----- RECORDS SHOWN
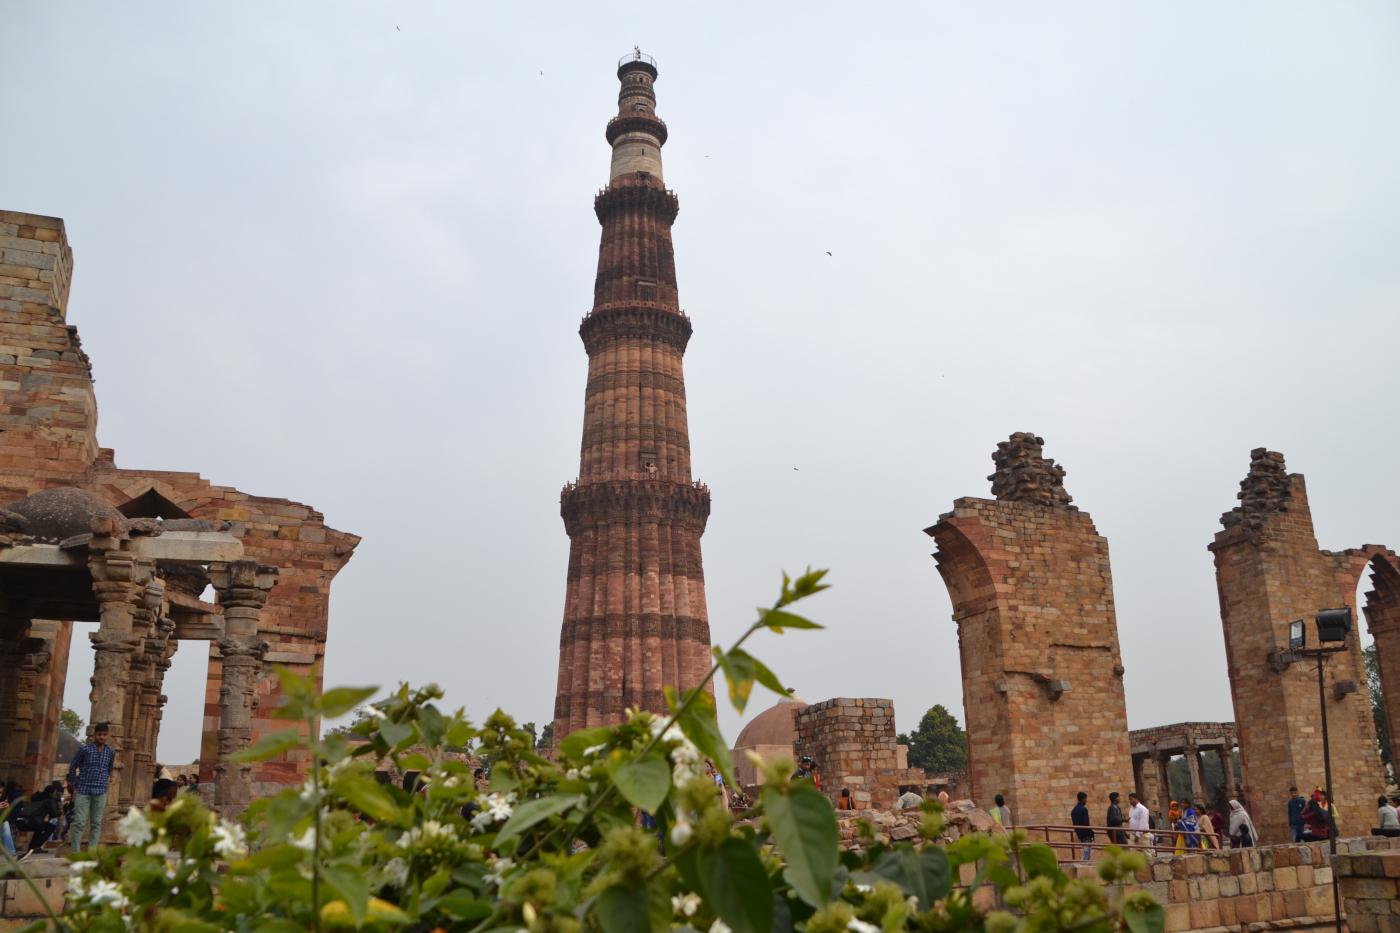 Фото 7. Великолепная башня-минарет Кутб-Минар. Как мы поехали на самостоятельную экскурсию в Дели во время перелета на Мальдивы через Казахстан, Индию и Шри-Ланку. 1/400, 10, 100, 55.
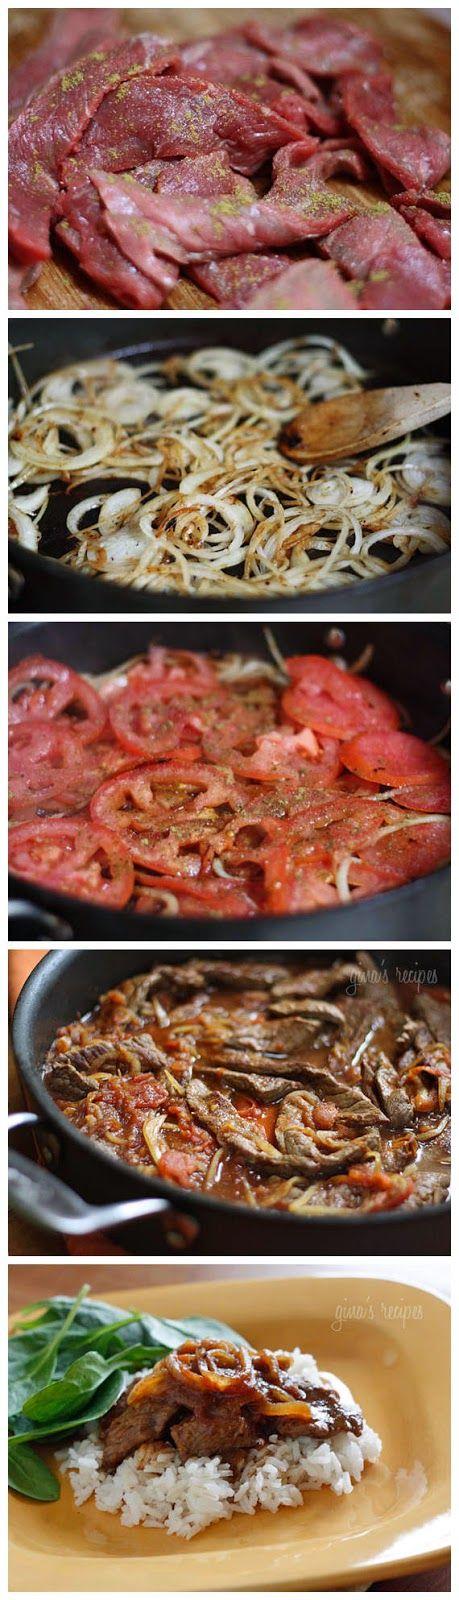 Estofado de bisteck en salsa de jitomate acompañado de arroz
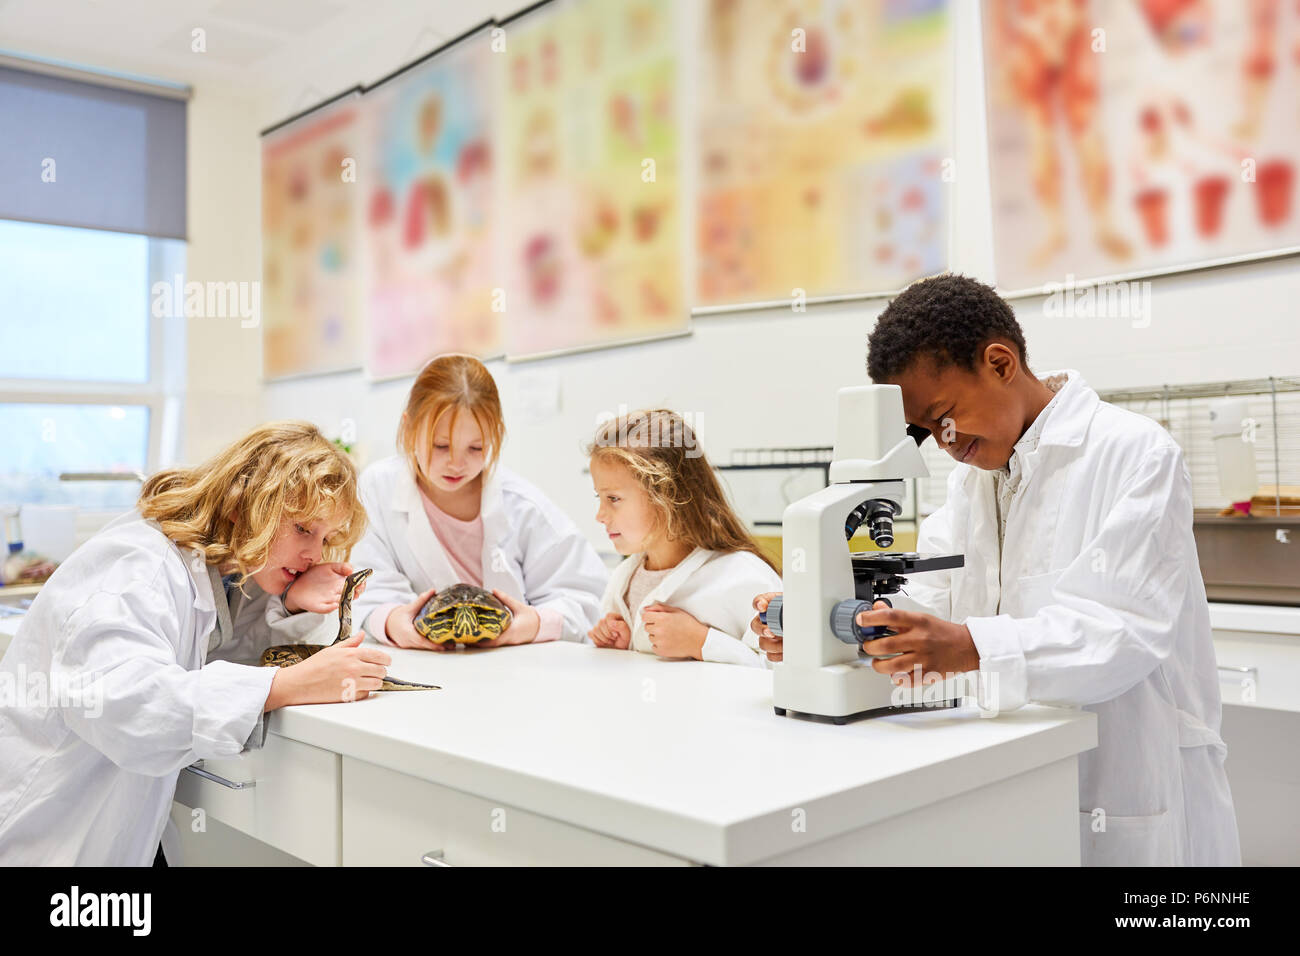 Kinder der biologie klasse arbeiten mit tieren und einem mikroskop
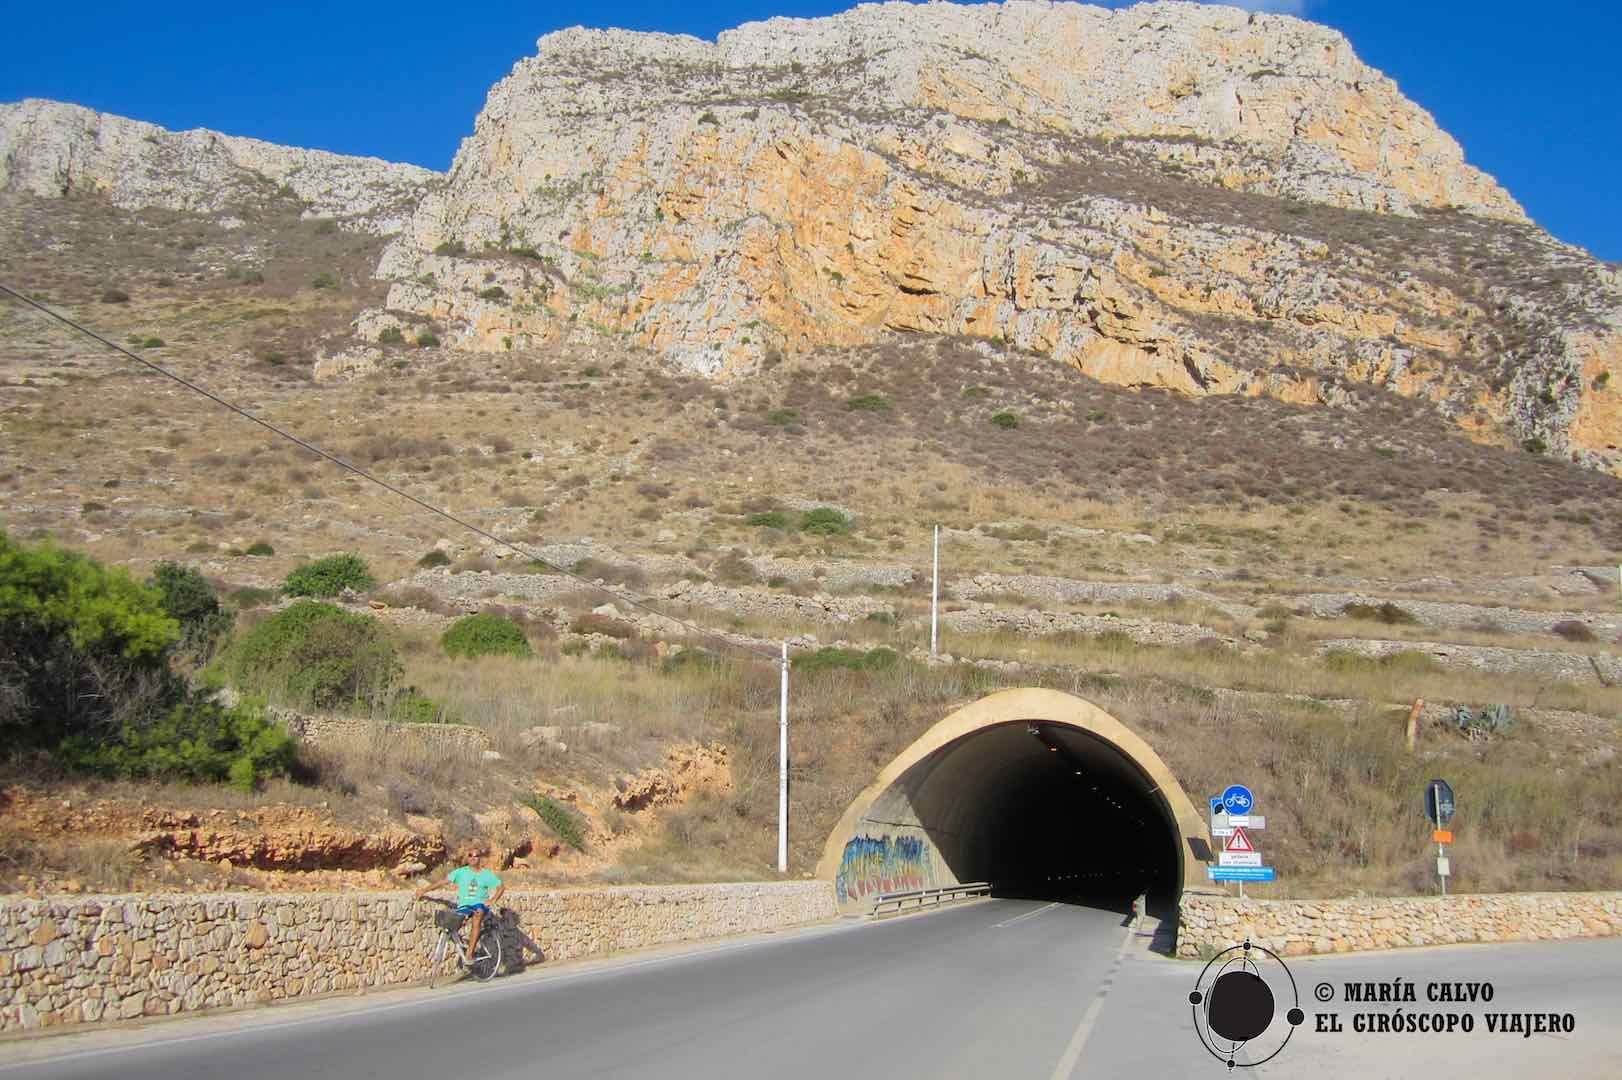 El túnel que nos lleva al lado oeste de Favignana. En la cima está la Fortaleza de Santa Catarina
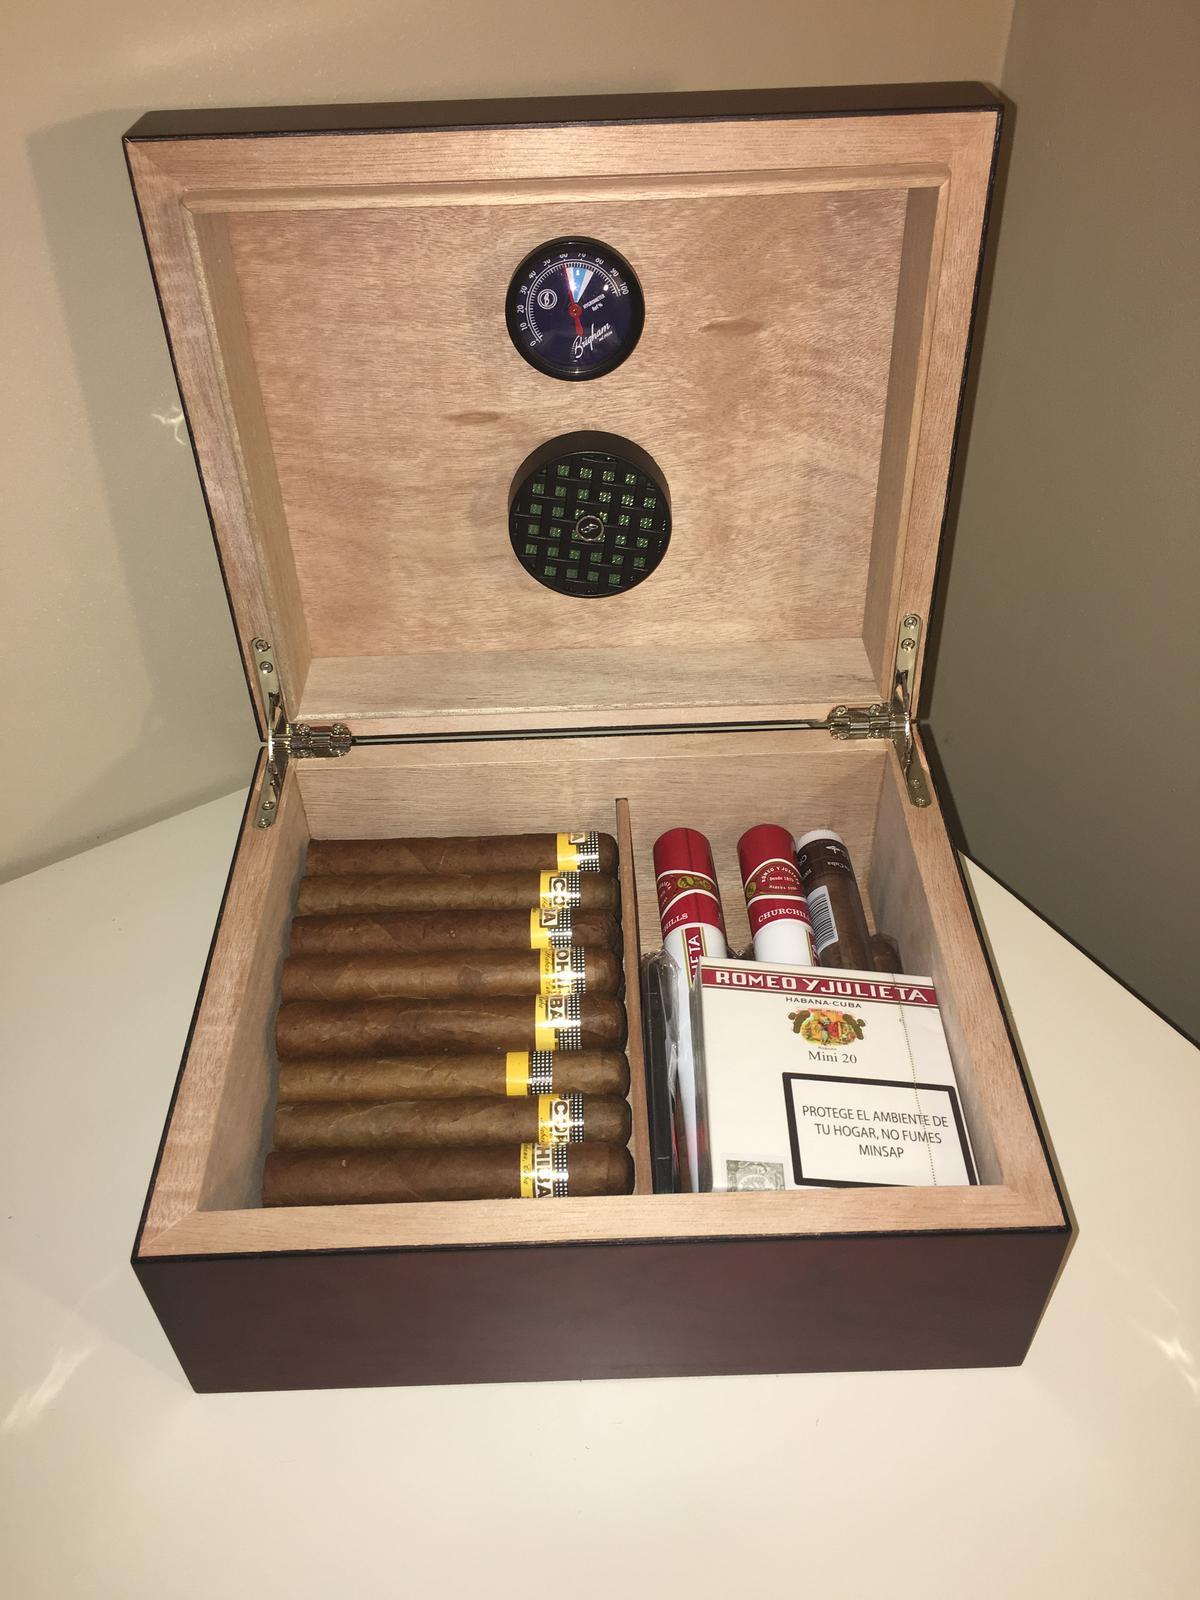 spravne sa musia cigary... - Obrázok č. 1
----------
Word for word, give again the lines from the line holding "Kinder der biologie" through the last line of the material, both included; pictures are not part of the copy.

RESULT OF THIS TASK
 Kinder der biologie klasse arbeiten mit tieren und einem mikroskop
 El túnel que nos lleva al lado oeste de Favignana. En la cima está la Fortaleza de Santa Catarina
 spravne sa musia cigary... - Obrázok č. 1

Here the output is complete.